» **Required work**
All of the data is to be printed exactly, though the images must be left off.

*** Opening of Exercise data ***

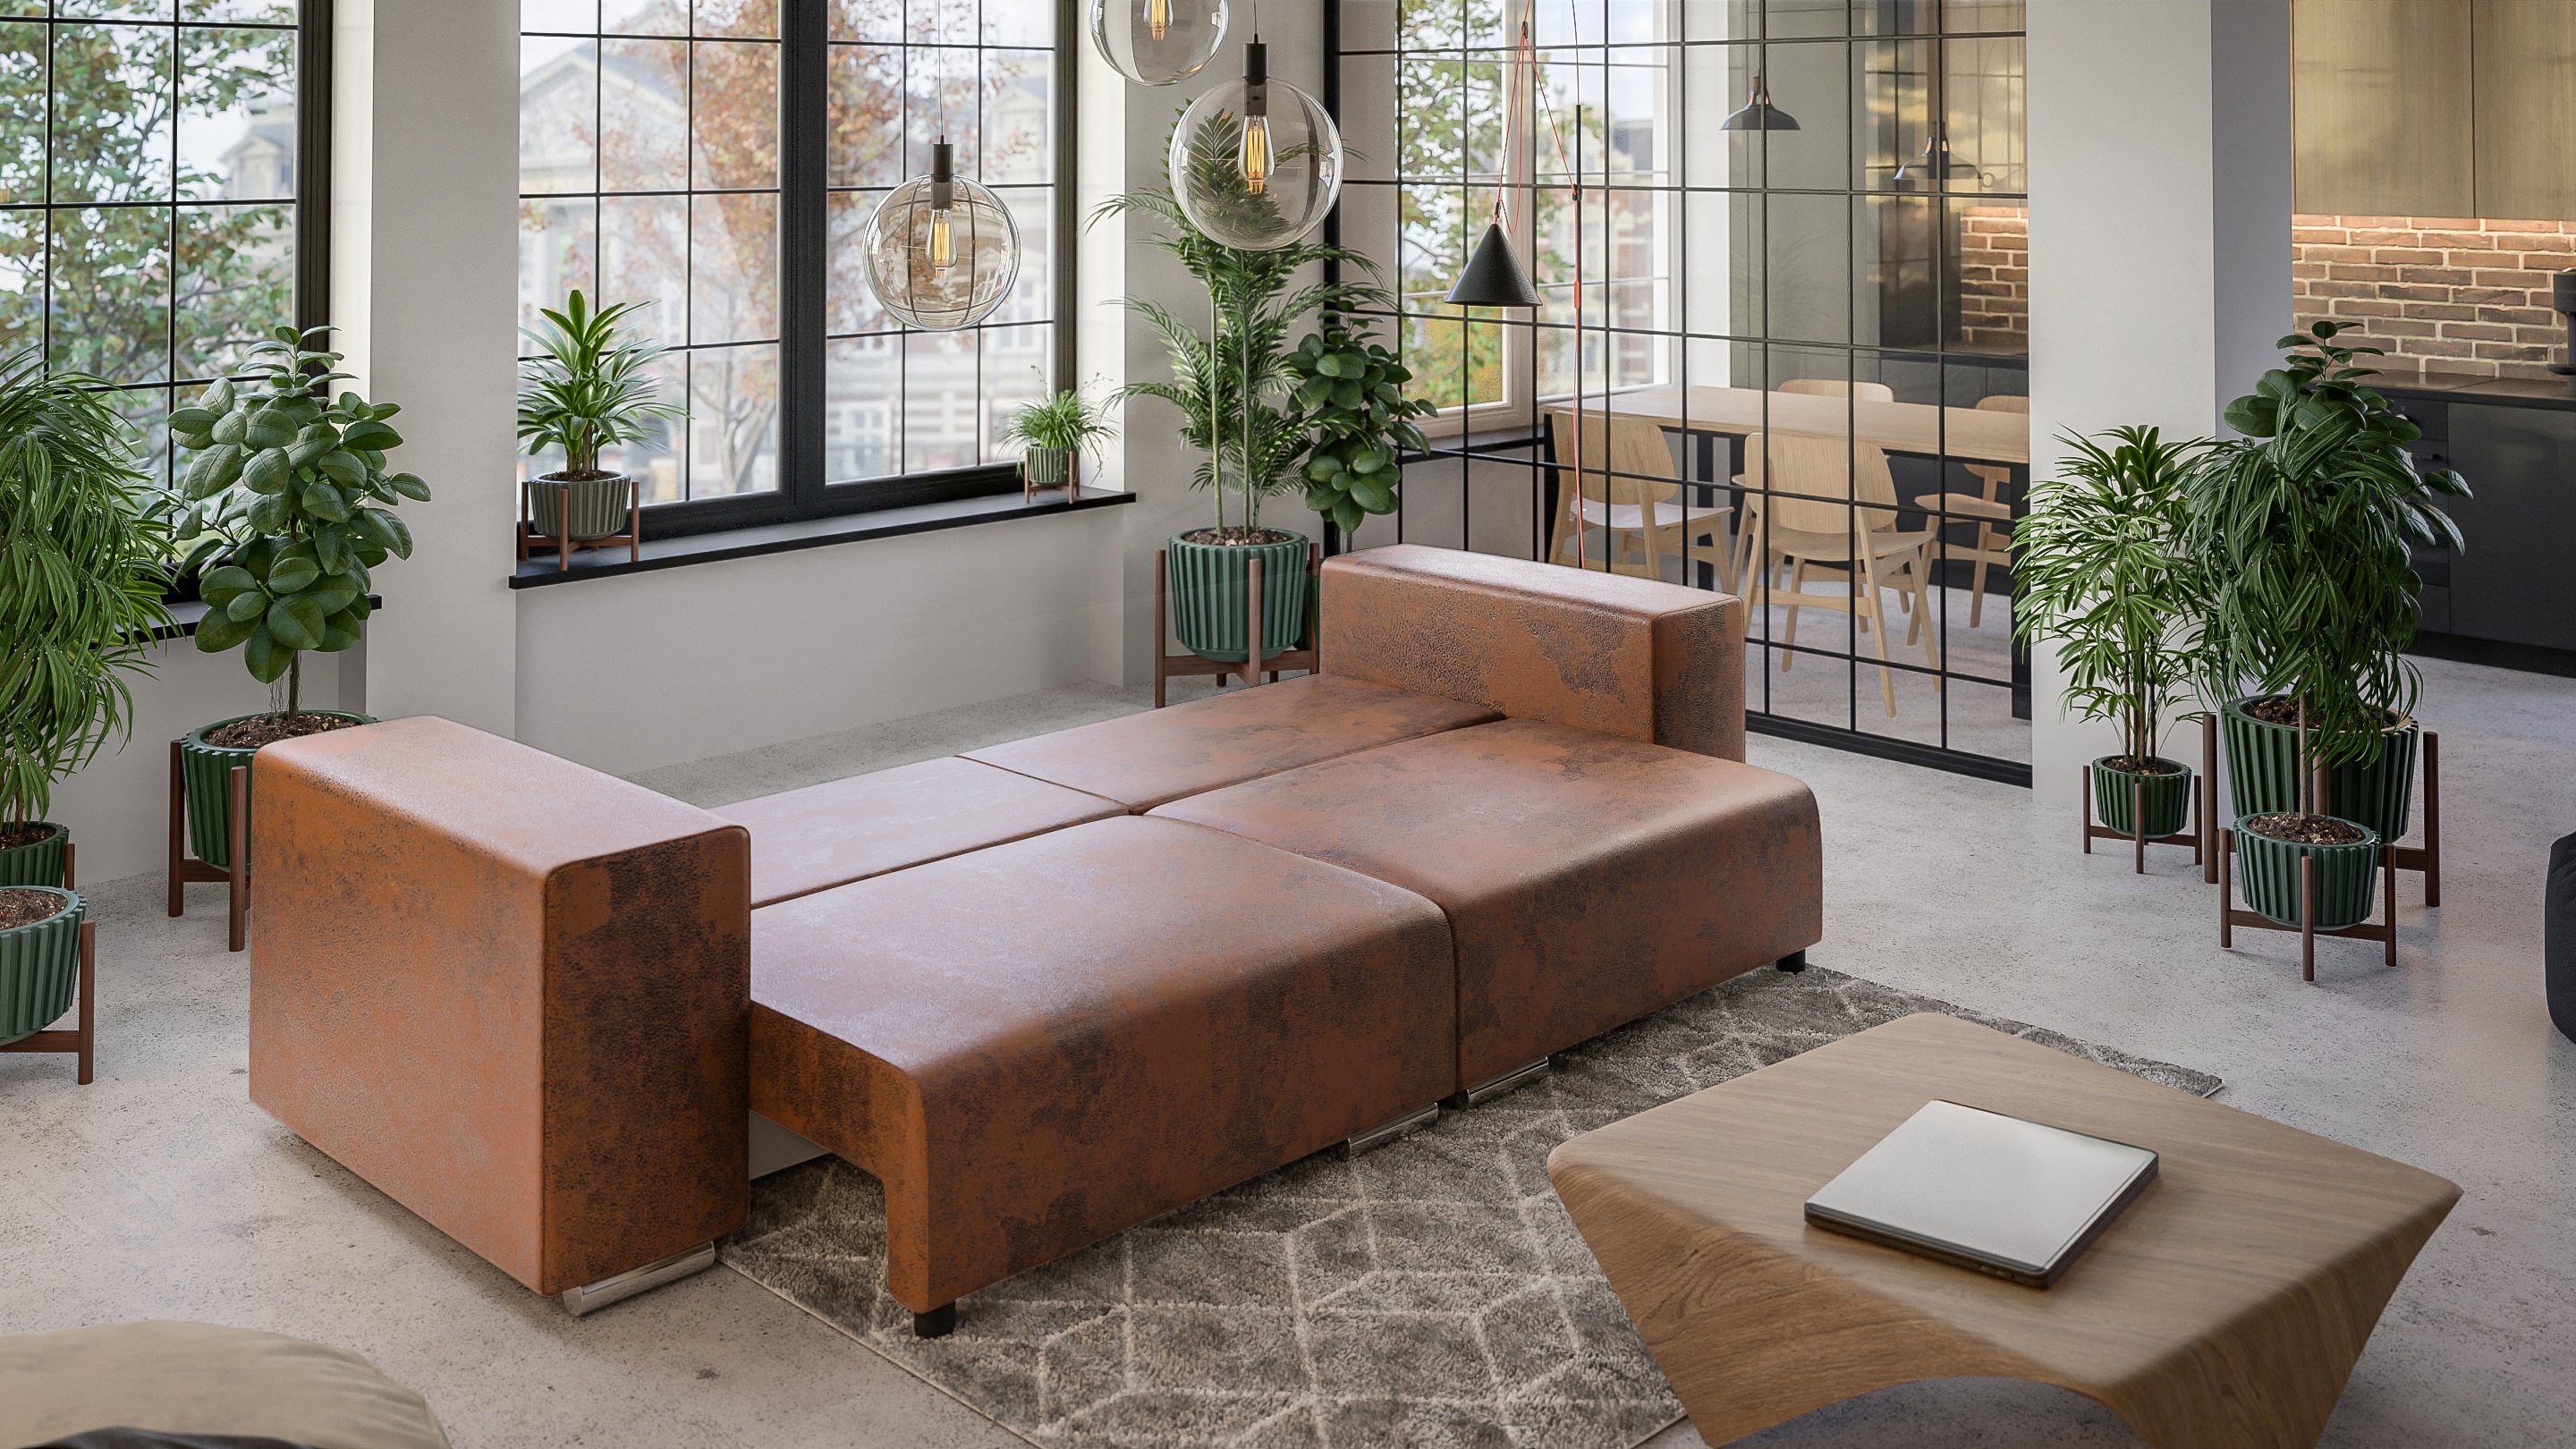 Möbel Braun Big-Sofa Wellenfederung mit Schlaffunktion, mit Amaru 5-Sitzer S-Style
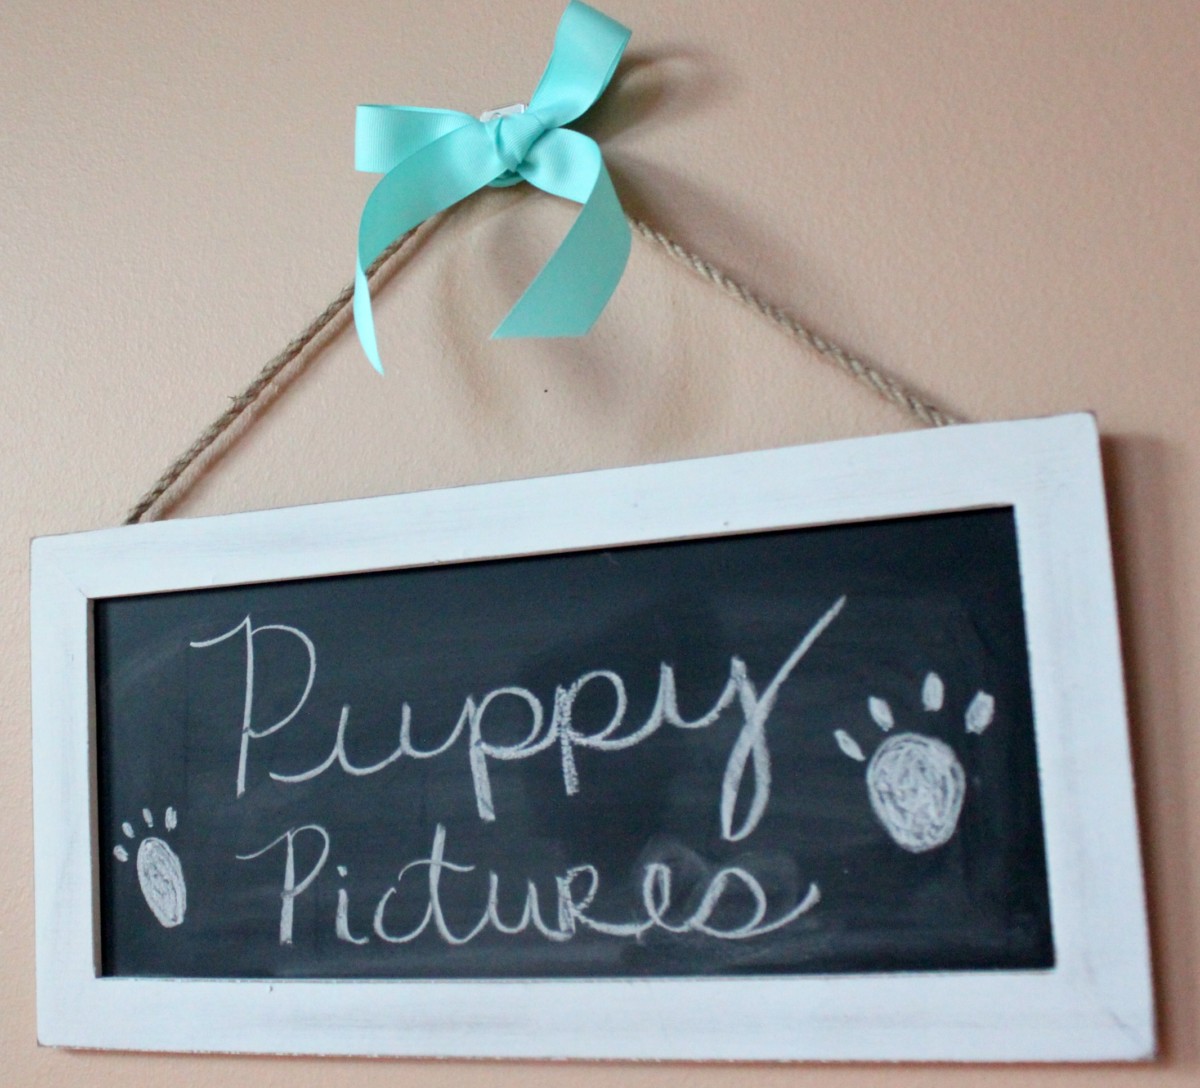 puppypictures
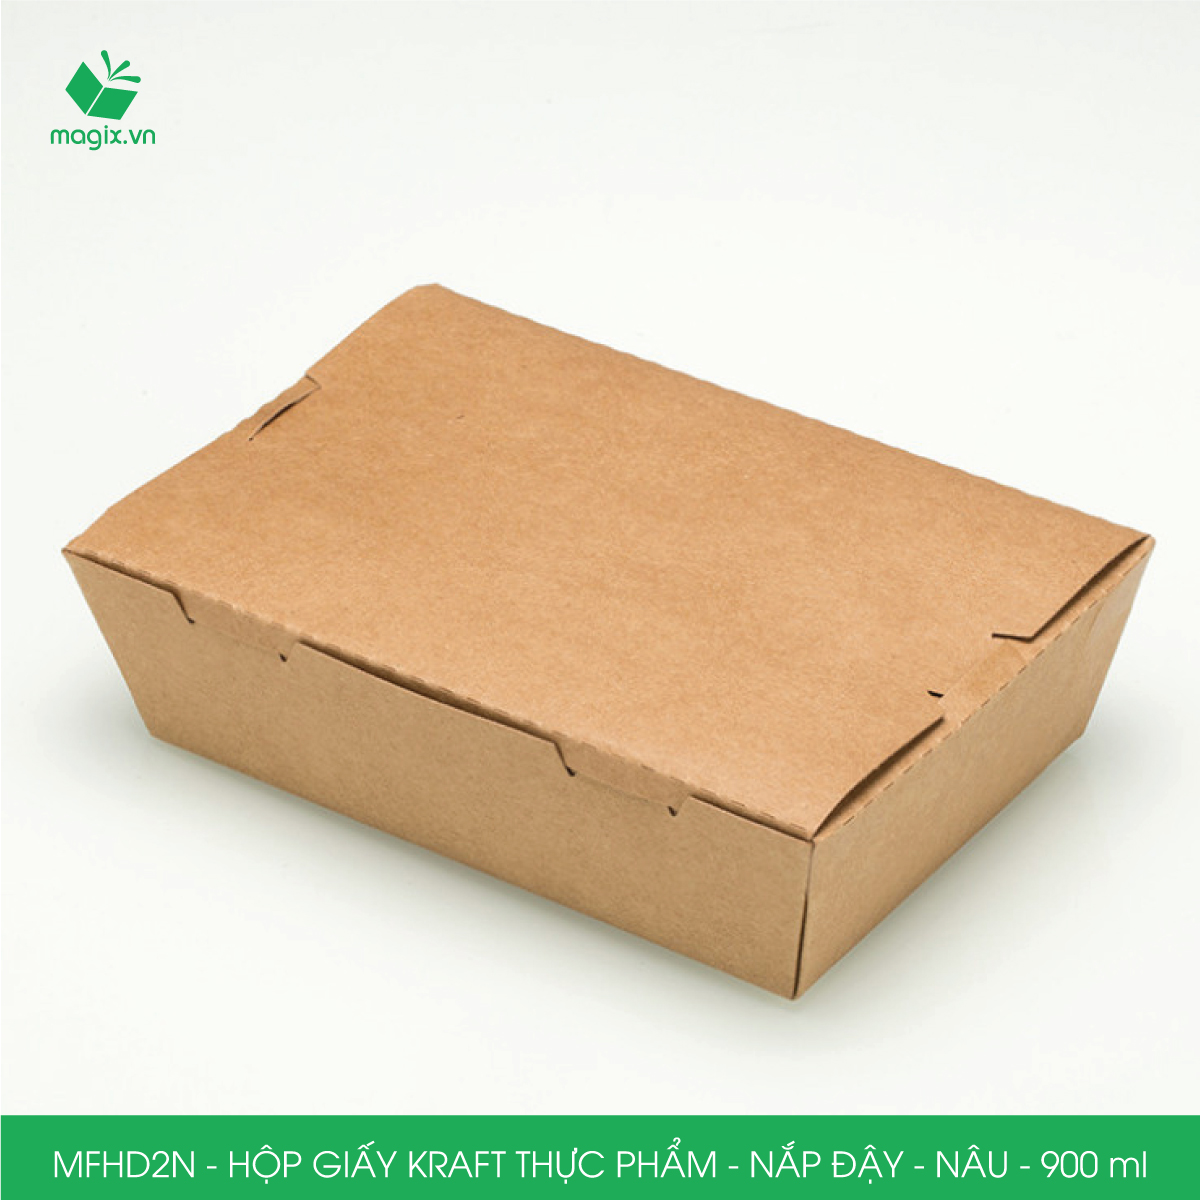 MFHD2N - Combo 50 hộp giấy kraft thực phẩm 900ml, hộp đựng thức ăn nắp đậy màu nâu, hộp gói đồ ăn mang đi

*** Close of Exercise data ***

» **Problem solution**
 Möbel Braun Big-Sofa Wellenfederung mit Schlaffunktion, mit Amaru 5-Sitzer S-Style
 puppypictures
 MFHD2N - Combo 50 hộp giấy kraft thực phẩm 900ml, hộp đựng thức ăn nắp đậy màu nâu, hộp gói đồ ăn mang đi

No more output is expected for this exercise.